» TASK INSTRUCTIONS: In your copy, leave out all pictures and reproduce every entry exactly.

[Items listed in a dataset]
====

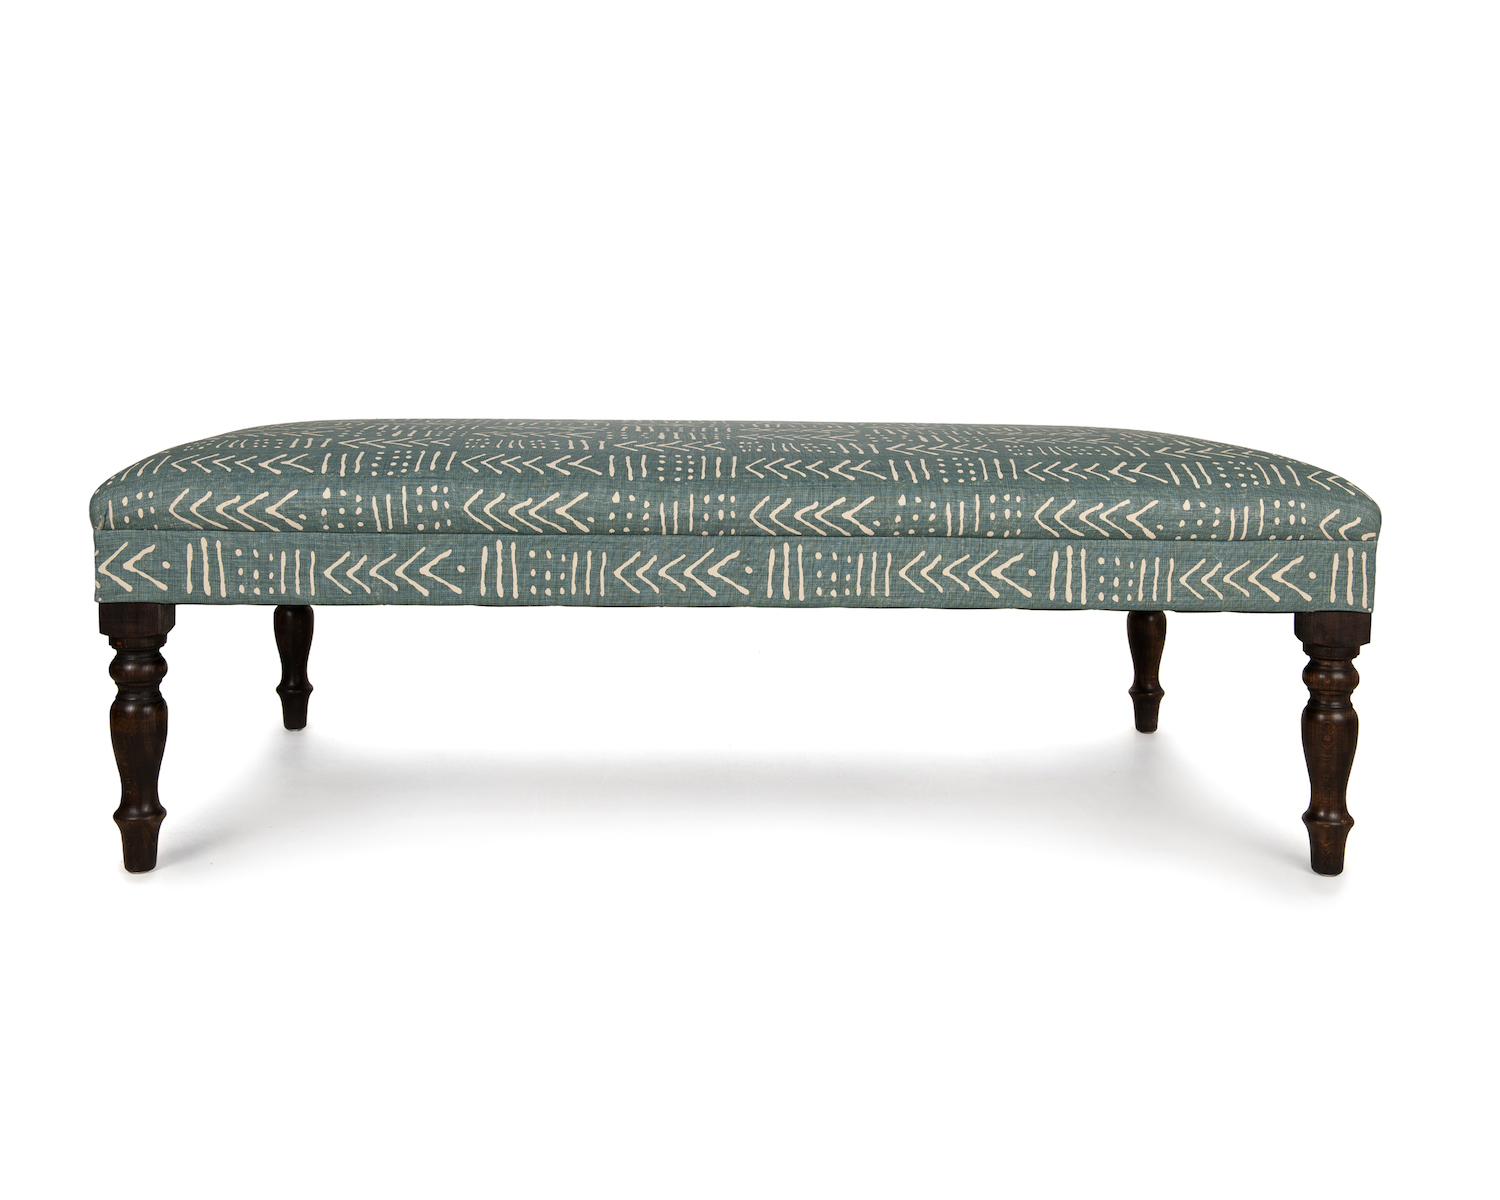 Narrow Roll Top Footstool with Running Border
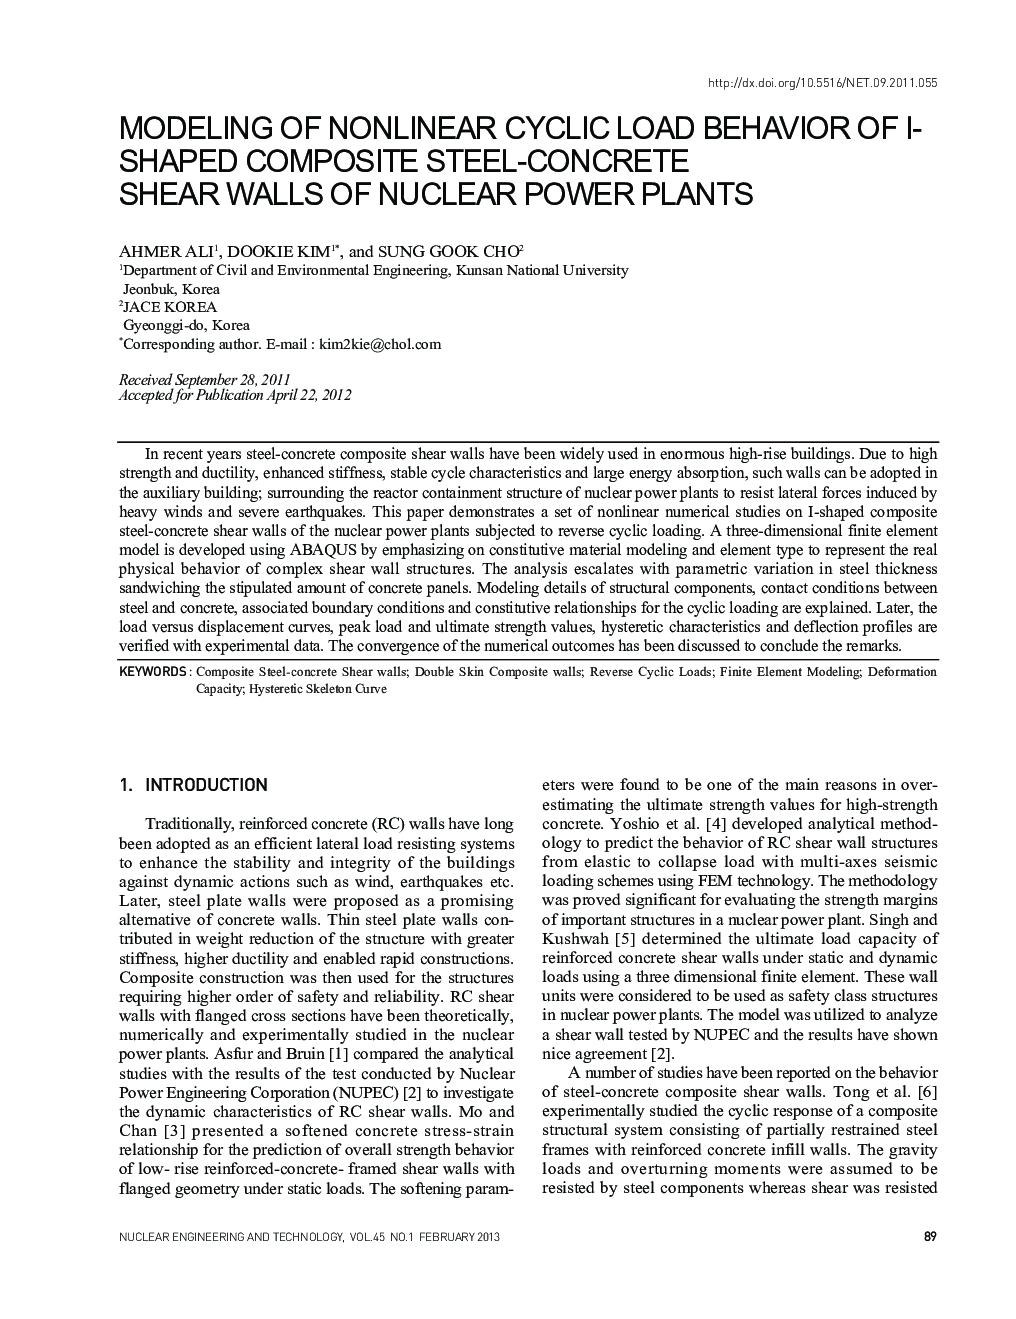 MODELING OF NONLINEAR CYCLIC LOAD BEHAVIOR OF I-SHAPED COMPOSITE STEEL-CONCRETE SHEAR WALLS OF NUCLEAR POWER PLANTS
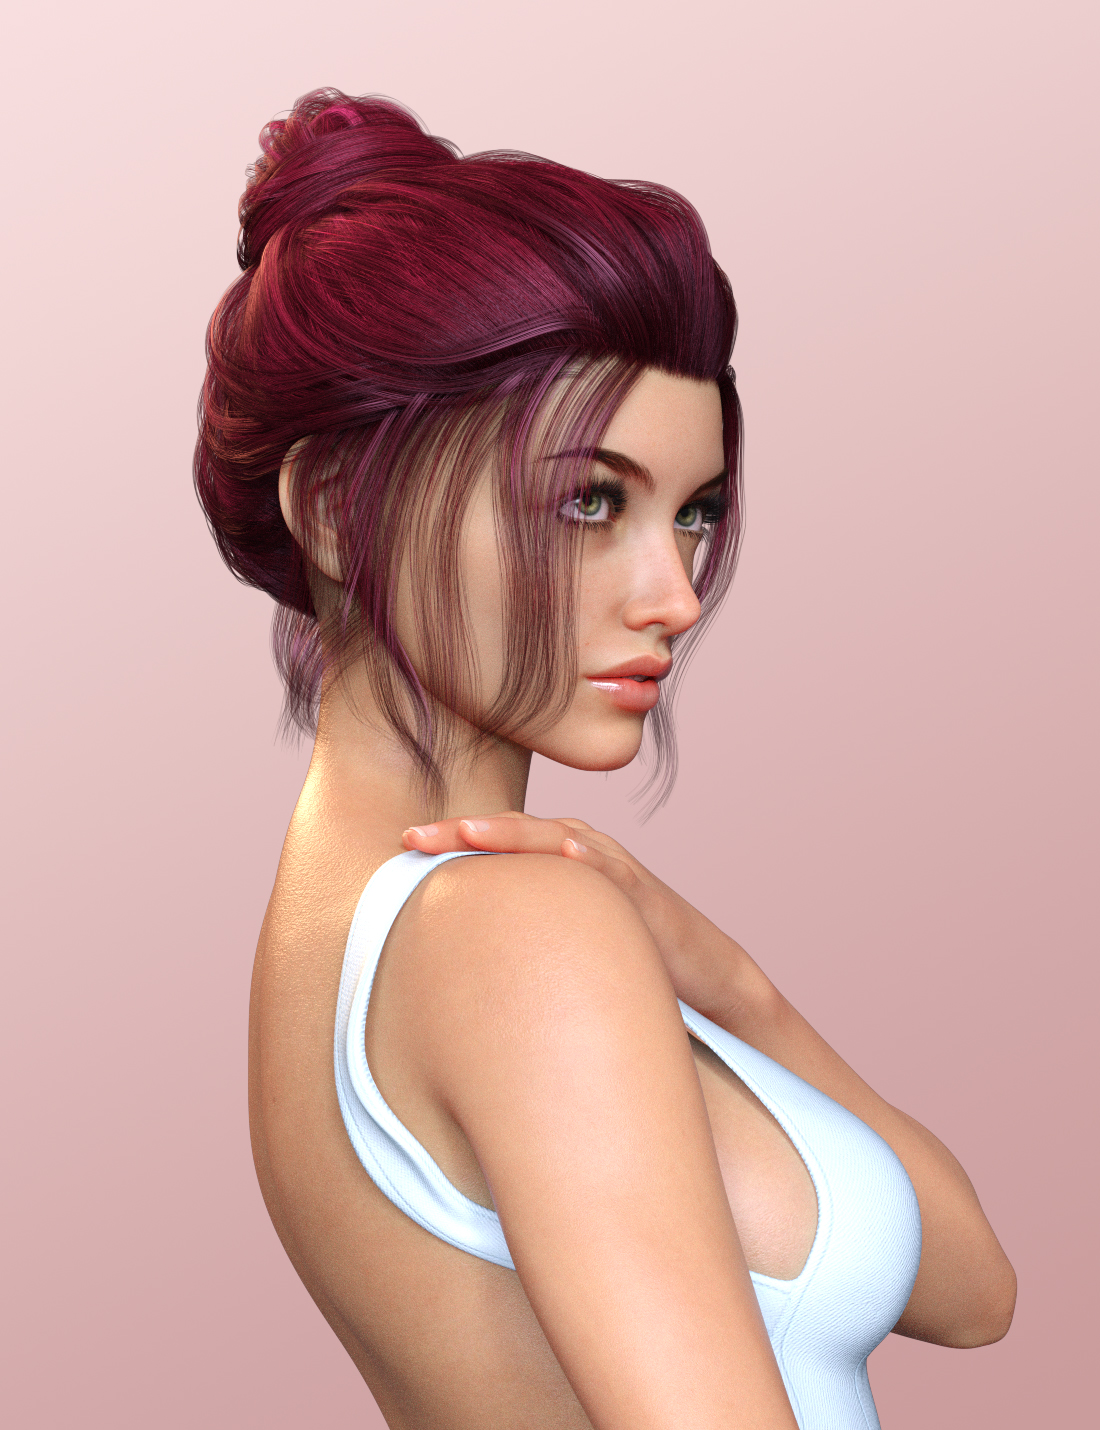 Magical Arts Updo Hairstyle for Genesis 8.1 Females
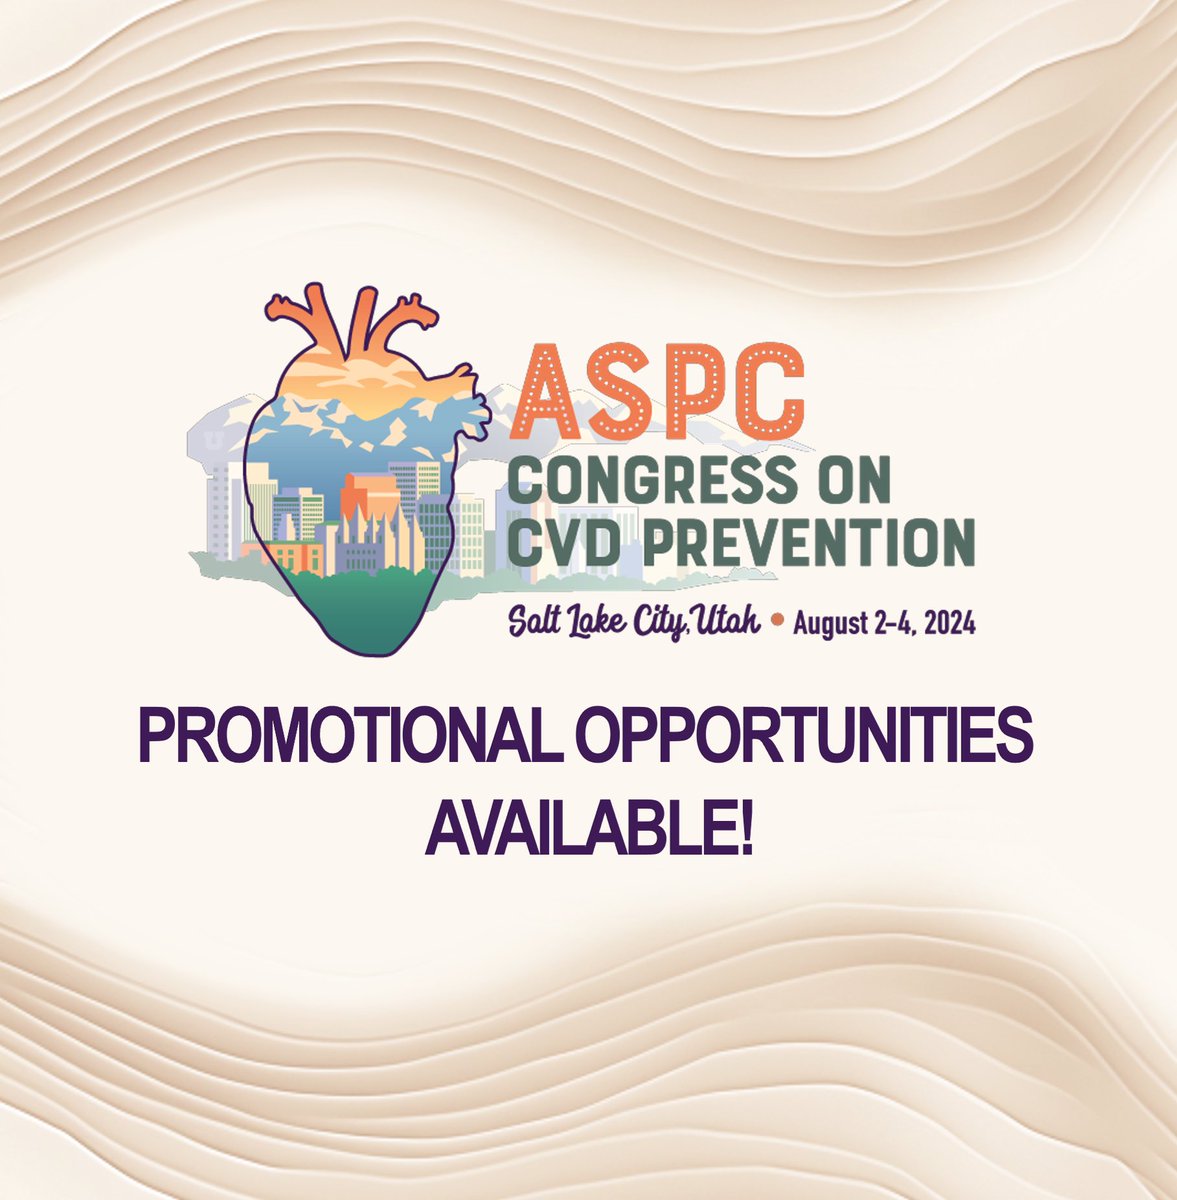 Promotional Opportunities are still available for Corporate Partners at #ASPC2024 | Salt Lake City | Aug 2-4! Visit aspconline.org/2024Congress to check out ways to Exhibit or Showcase your advancements in the prevention of CVD to 300+ clinicians. @drmarthagulati @drmichaelshapir
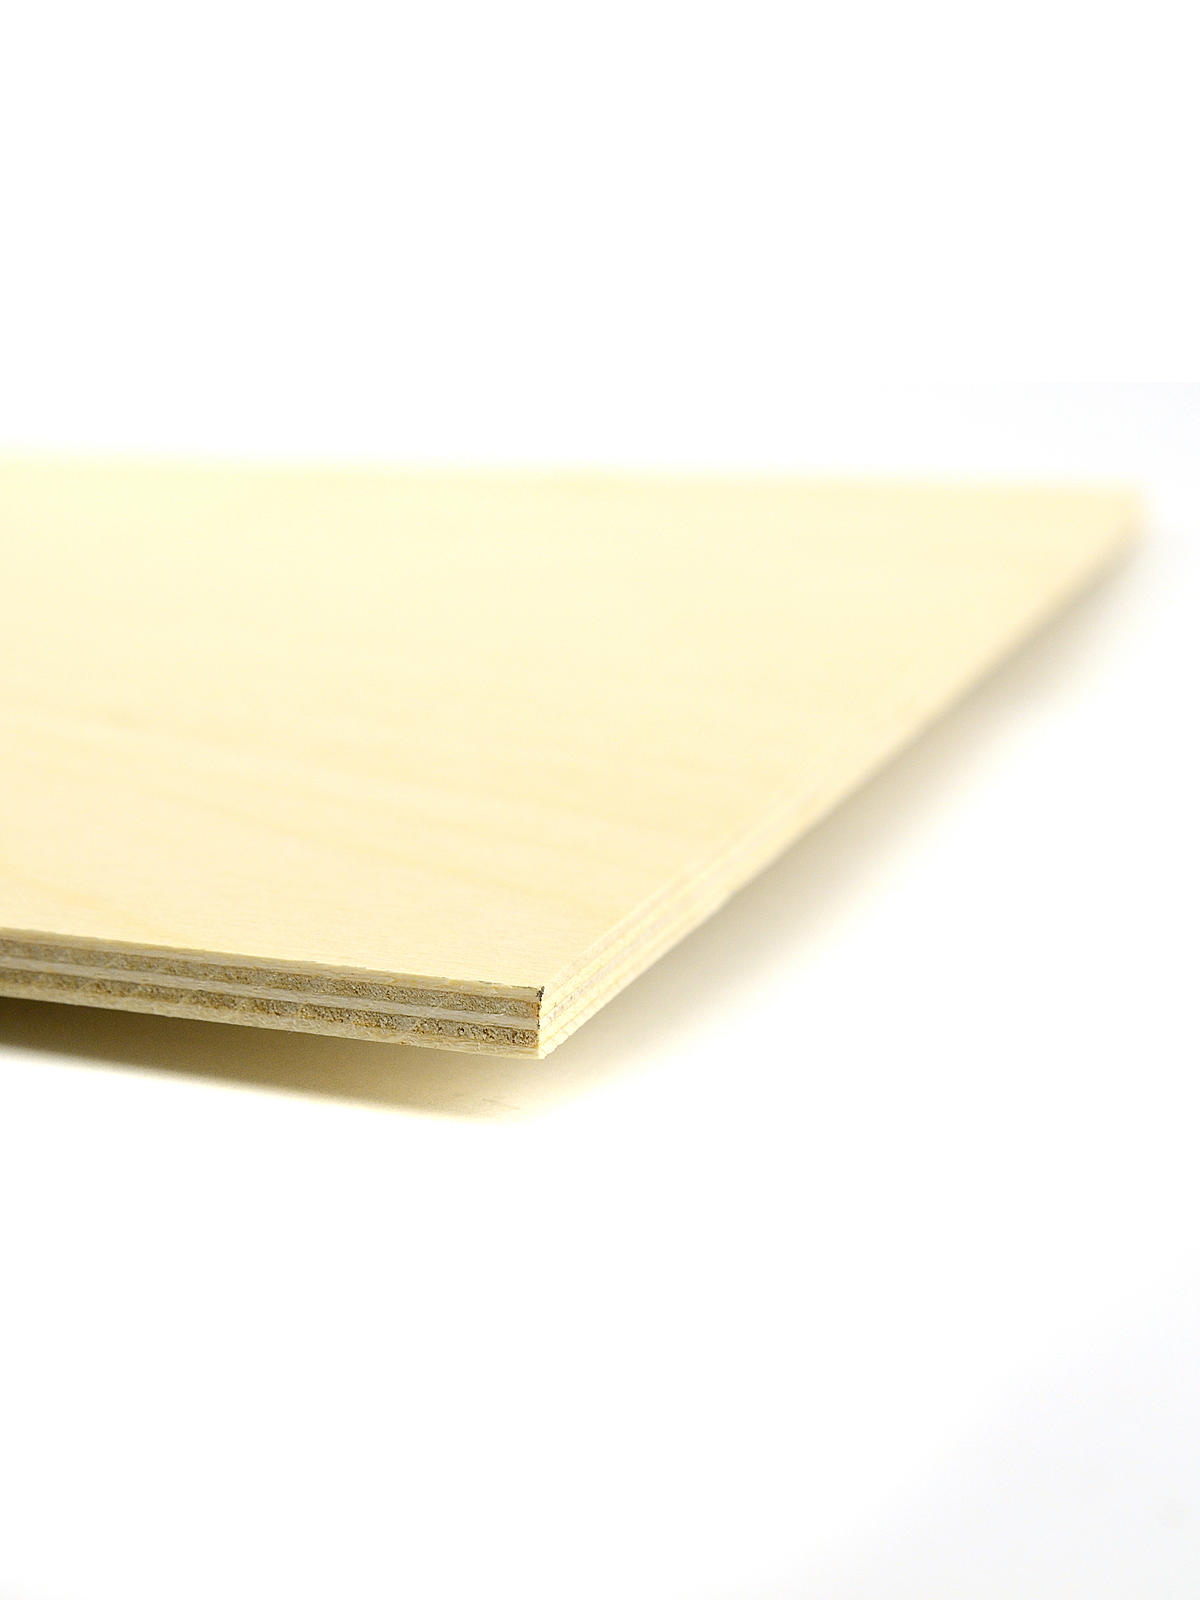 Craft Plywood Sheets 1 4 In. 12 In. X 12 In.

====

» COMPLETED TASK:
 Narrow Roll Top Footstool with Running Border
 MODELING OF NONLINEAR CYCLIC LOAD BEHAVIOR OF I-SHAPED COMPOSITE STEEL-CONCRETE SHEAR WALLS OF NUCLEAR POWER PLANTS
 Magical Arts Updo Hairstyle for Genesis 8.1 Females
 Promotional Opportunities are still available for Corporate Partners at #ASPC2024 | Salt Lake City | Aug 2-4! Visit aspconline.org/2024Congress to check out ways to Exhibit or Showcase your advancements in the prevention of CVD to 300+ clinicians. @drmarthagulati @drmichaelshapir
 Craft Plywood Sheets 1 4 In. 12 In. X 12 In.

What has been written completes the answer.